PROBLEM DESCRIPTION: Without the pictures, set down every line of the data exactly.

MATERIAL PROVIDED:
* * * *
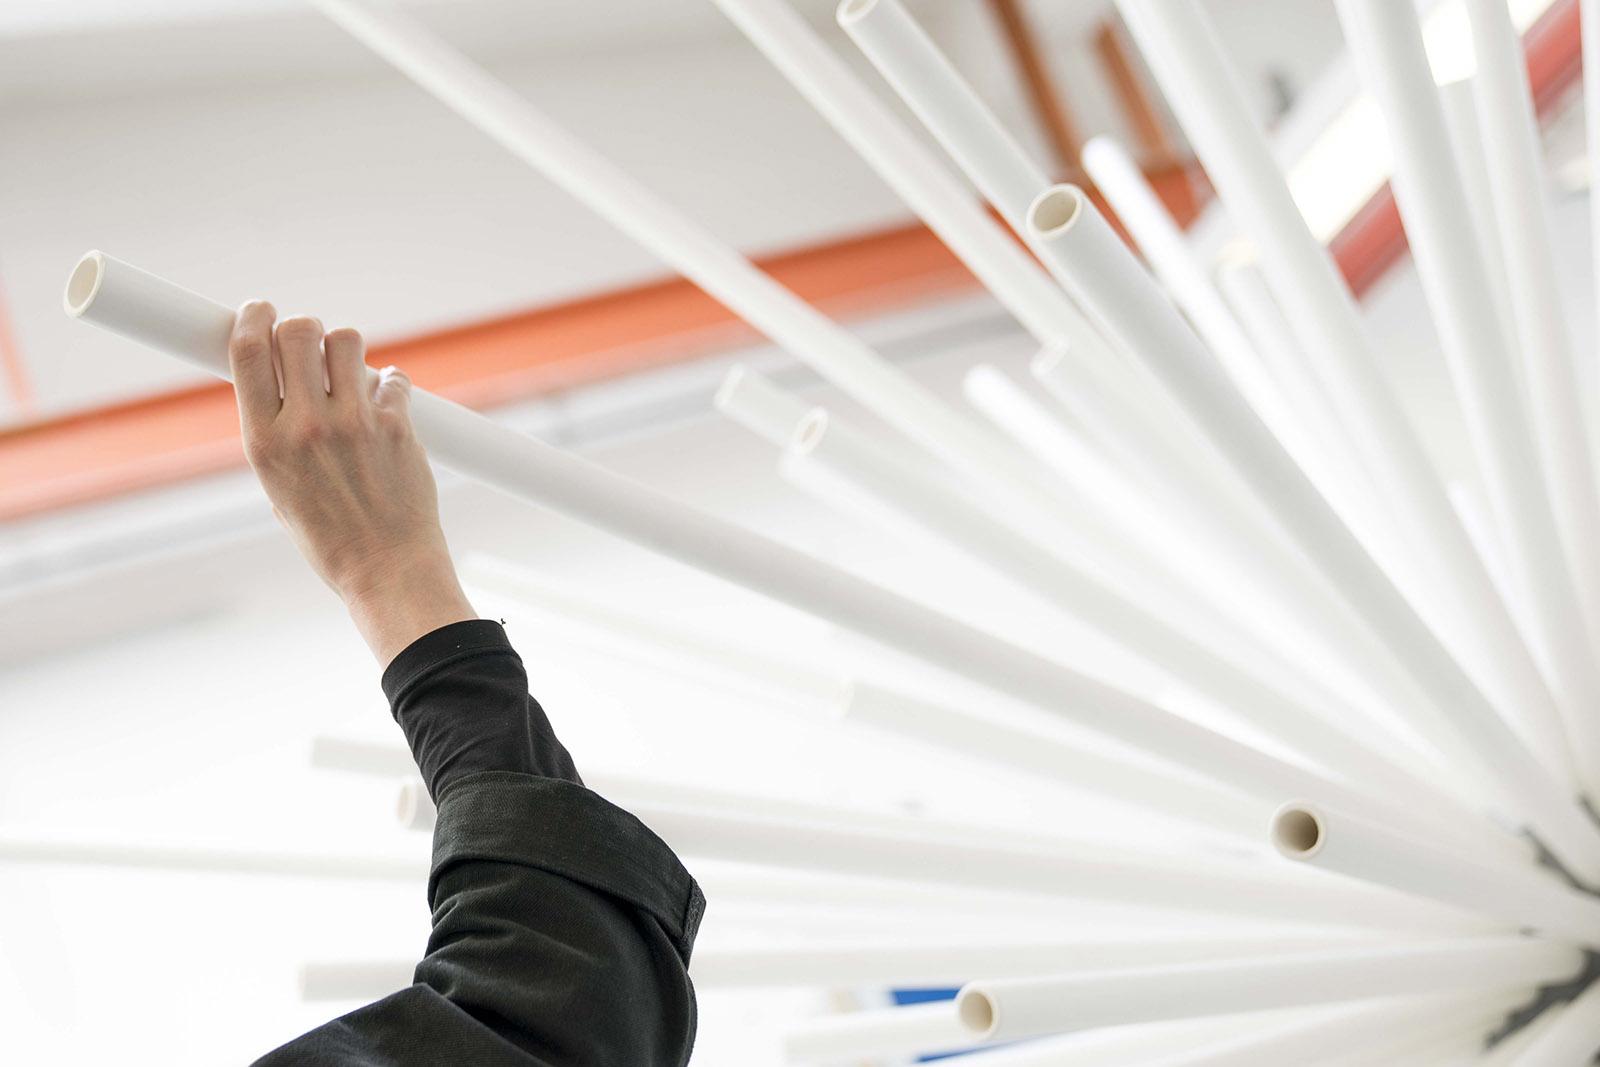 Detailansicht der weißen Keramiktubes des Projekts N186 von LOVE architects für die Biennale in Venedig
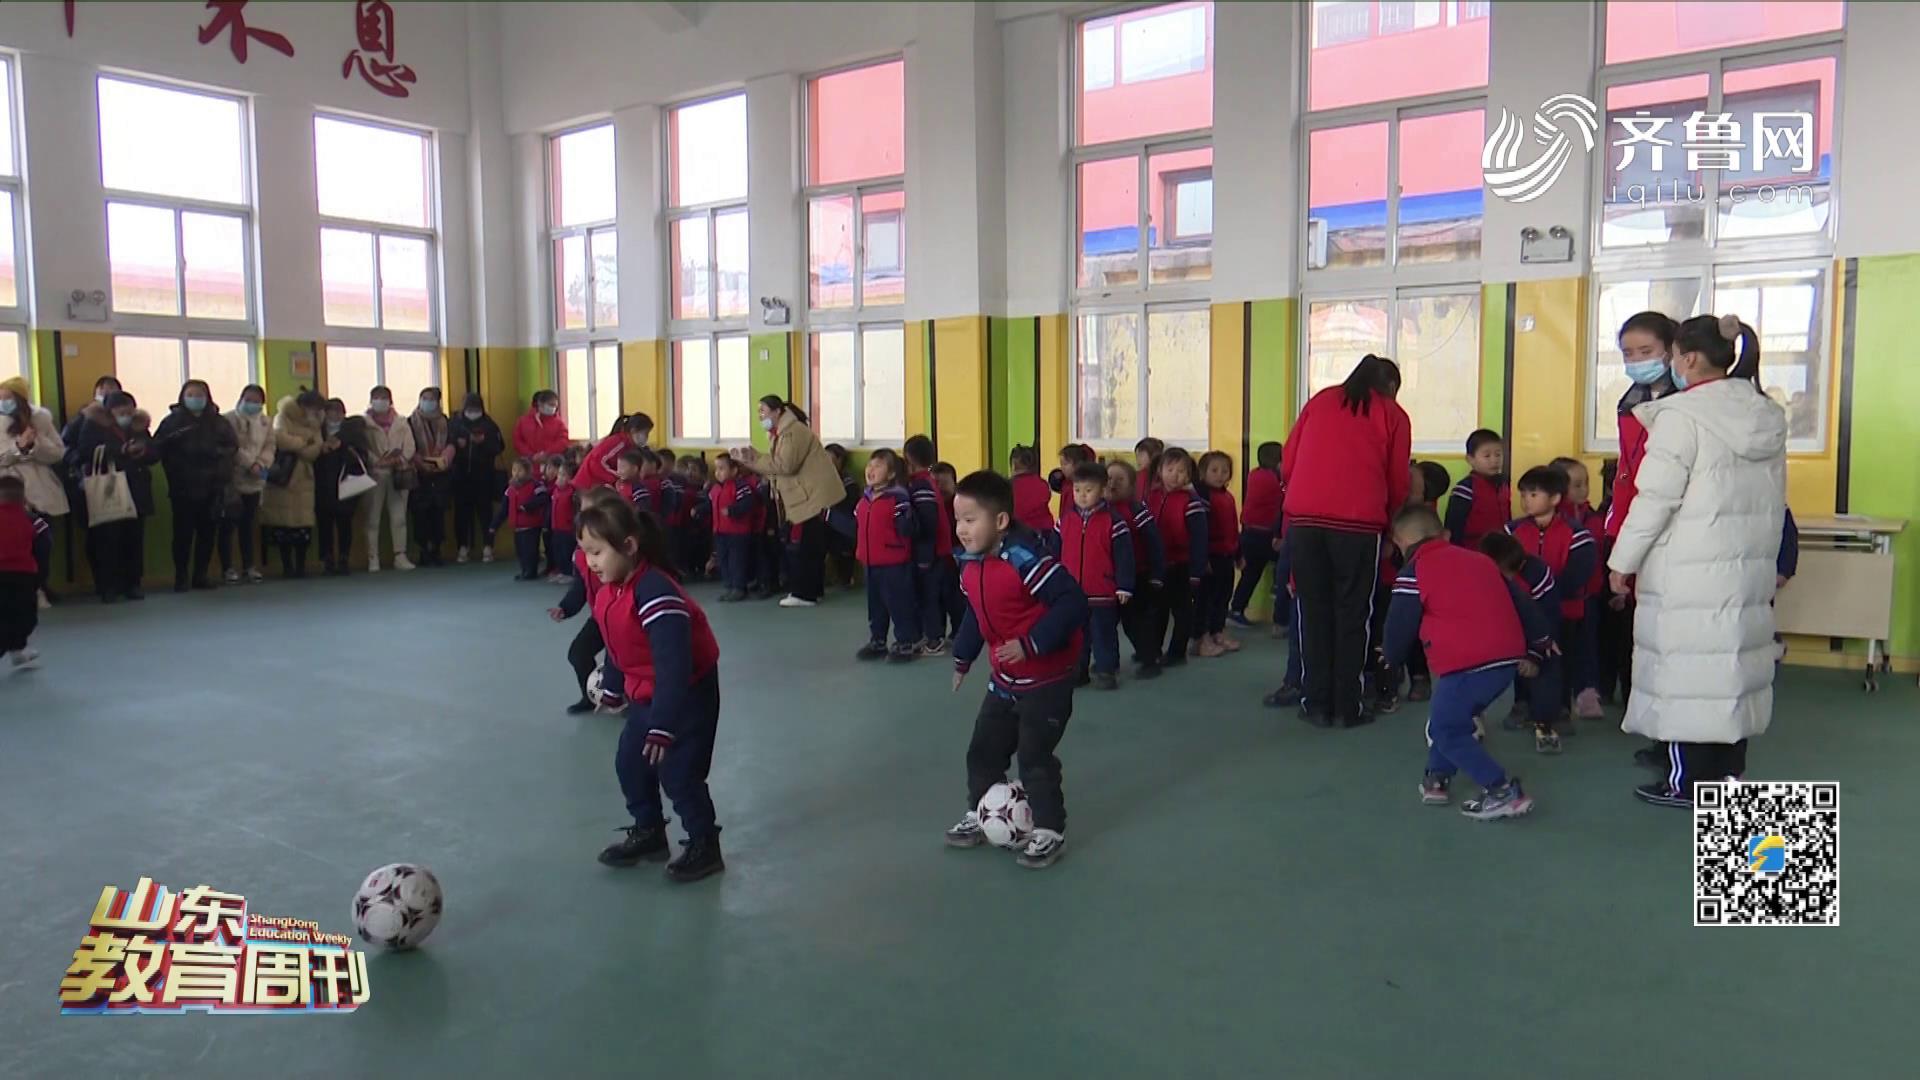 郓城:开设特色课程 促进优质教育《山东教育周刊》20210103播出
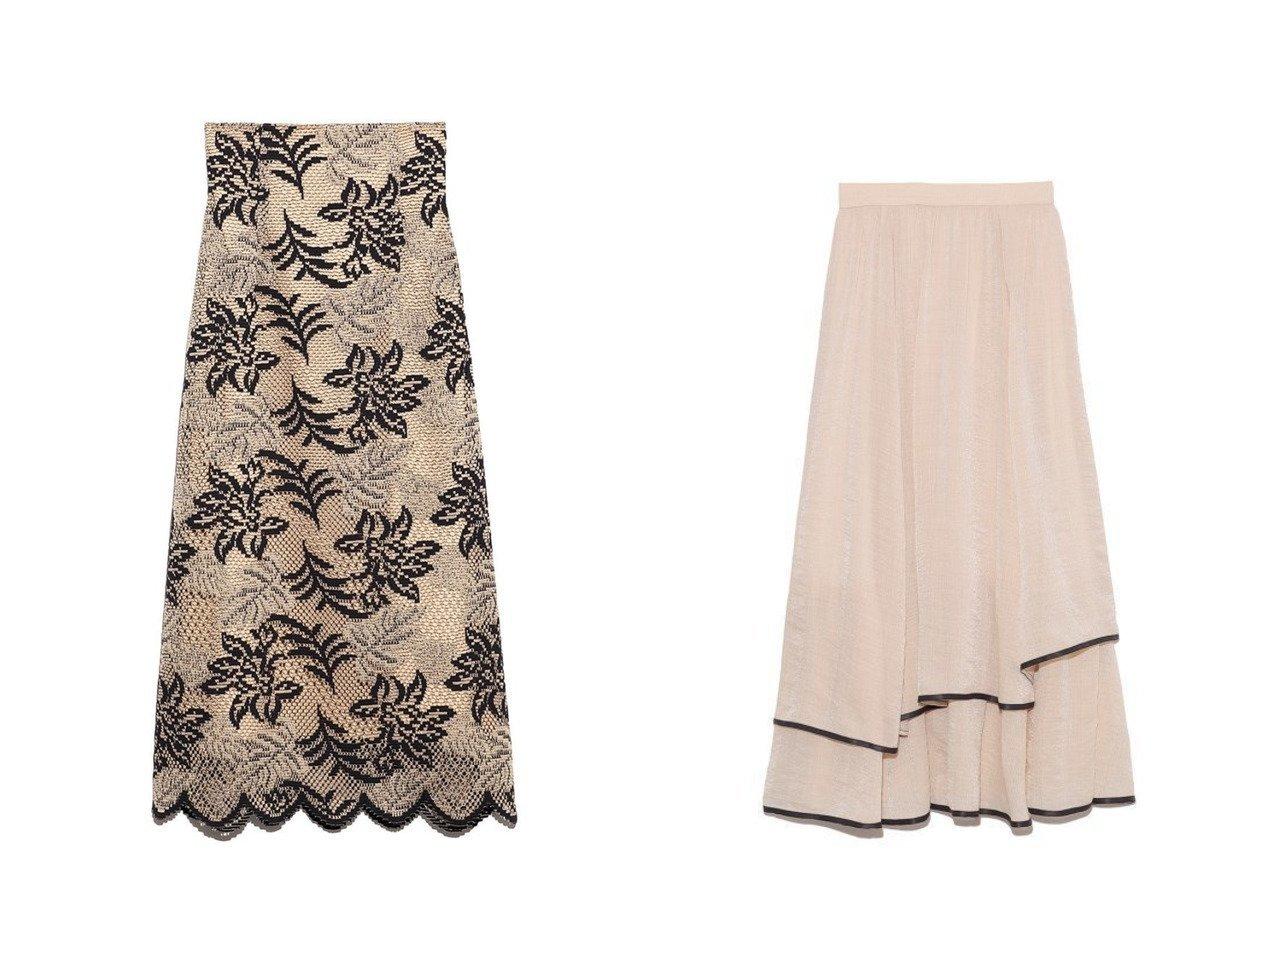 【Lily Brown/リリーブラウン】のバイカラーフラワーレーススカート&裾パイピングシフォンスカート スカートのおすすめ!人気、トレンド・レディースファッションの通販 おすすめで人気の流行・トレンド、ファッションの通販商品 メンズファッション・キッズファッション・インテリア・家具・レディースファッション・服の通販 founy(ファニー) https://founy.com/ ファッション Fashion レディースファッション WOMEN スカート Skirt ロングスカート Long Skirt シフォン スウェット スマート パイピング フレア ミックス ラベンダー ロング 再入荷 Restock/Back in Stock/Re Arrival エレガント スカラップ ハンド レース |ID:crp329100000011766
* * * *
WRITTEN SOLUTION:
 Detailansicht der weißen Keramiktubes des Projekts N186 von LOVE architects für die Biennale in Venedig
 郓城:开设特色课程 促进优质教育《山东教育周刊》20210103播出
 【Lily Brown/リリーブラウン】のバイカラーフラワーレーススカート&裾パイピングシフォンスカート スカートのおすすめ!人気、トレンド・レディースファッションの通販 おすすめで人気の流行・トレンド、ファッションの通販商品 メンズファッション・キッズファッション・インテリア・家具・レディースファッション・服の通販 founy(ファニー) https://founy.com/ ファッション Fashion レディースファッション WOMEN スカート Skirt ロングスカート Long Skirt シフォン スウェット スマート パイピング フレア ミックス ラベンダー ロング 再入荷 Restock/Back in Stock/Re Arrival エレガント スカラップ ハンド レース |ID:crp329100000011766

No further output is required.